Dilihat dari peranan korban dalam terjadinya tindak pidana, Stephen
Schafer mengatakan pada prinsipnya terdapat empat tipe korban,
yaitu sebagaia berikut:
a. Orang yang tidak mempunyai kesalahan apa-apa, tetapi tetap
menjadi korban (pada tipe ini kesalahan ada pada pelaku).
b. Korban secara sadar atau tidak sadar telah melakukan sesuatu yang
merangsang orang lain untuk melakukan kejahatan(korban punya
andil dalam terjaidnya kejahatan, kesalahan terletak pada pelaku
dan korban).
c. Mereka yang secara biologis dan sosial potensial menjadi korban.

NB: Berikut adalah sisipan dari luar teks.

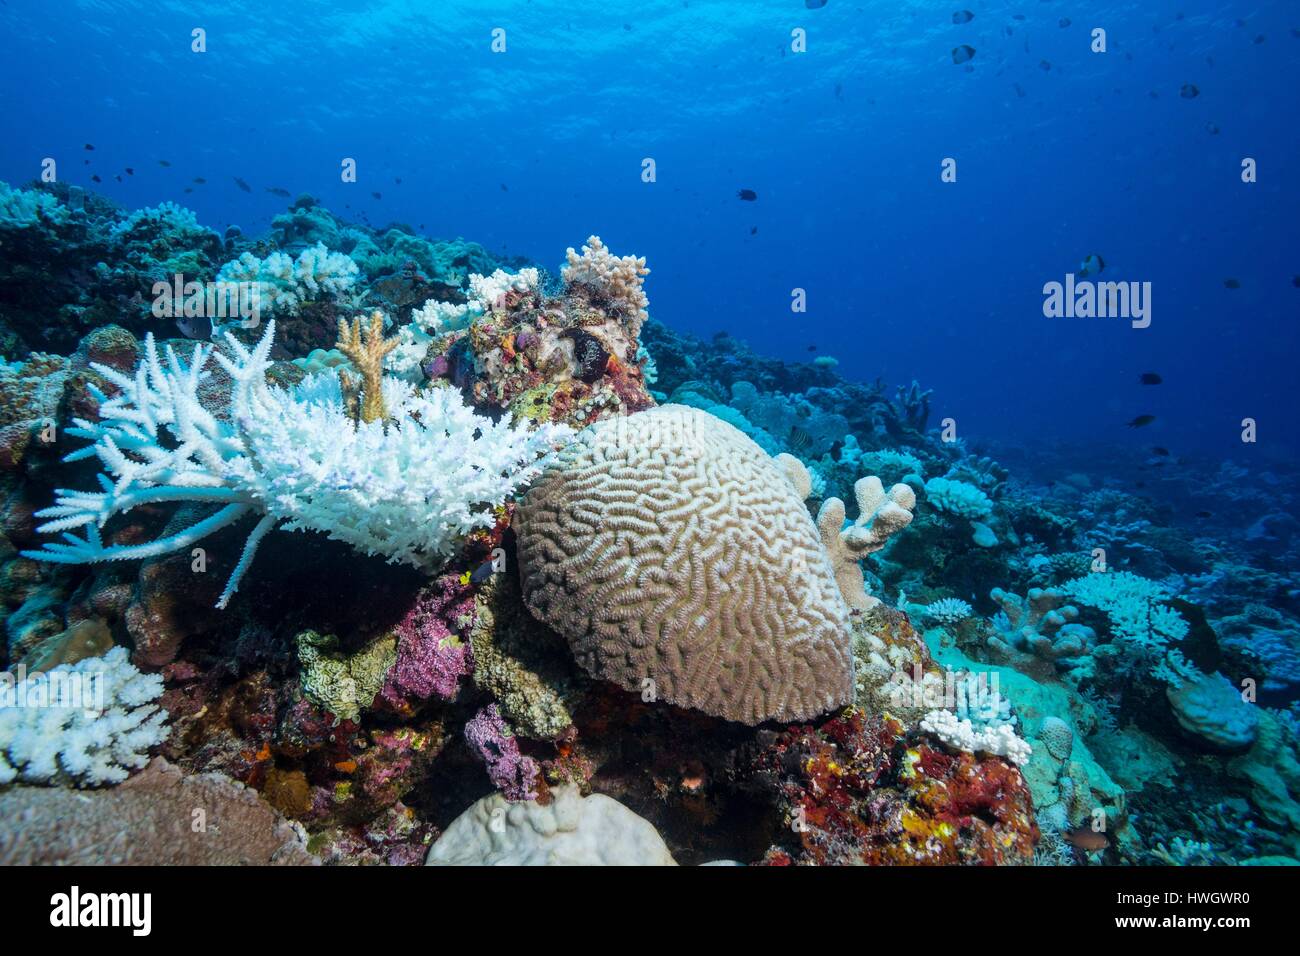 Filippine, Mindoro, Apo Reef parco naturale, Coral reef di corallo in fase di candeggio Foto Stock

d. Korban karena ia sendiri merupakan pelaku.
• Perlunya perlindungan terhadap korban tindak pidana menurut
Muladi dapat dilihat setidaknya dalam 3 (tiga) aspek. Pertama, aspek
kontrak social dan solidaritas social. Aspek kontrak social menyatakan
Negara boleh memonopoli reaksi social terhadap kejahatan dan
melarang tindakan-tindakan yang bersifat pribadi. Oleh karena itu,
bila terjadi kejahatan dan membawa korban, Negara harus
bertanggungjawab untuk memperhatikan kebutuhan para korban
tersebut.
• Aspek solidaritas korban, menyatakan Negara harus menjaga warga
negaranya dalam memenuhi kebutuhannya atau apabila warga
Negaranya mengalami kesulitan, melalui kerjasama dalam masyarakat
berdasarkan atau menggunakan sarana-sarana yang disediakan oleh
Negara. Hal tersebeut dapat dilakukan melalui peningkatan pelayanan
maupun melalui pengaturan hak.
• Kedua, dari aspek pemidanaan. Pemidanaan dalam arti umum
merupakan wewenang pembuat undang-undang, sesuai dengan asas
legalitas.
• Ketiga, aspek tujuan pemidanaan. Perlindungan korban tindak pidana
dapat dikaitkan dengan salah satu tujuan pemidanaan, yang dewasa
ini banyak dikedepankan berupa penyelesaian konflik.
• Pengaturan terhadap perlindungan korban dalam hokum pidana perlu
memperhatikan esensi kerugian yang diderita korban tindak pidana.
Kerugian bagi korban tindak pidana tidak hanya bersifat materiel atau
penderitaan fisik saja, melainkan juga bersifat psikologis.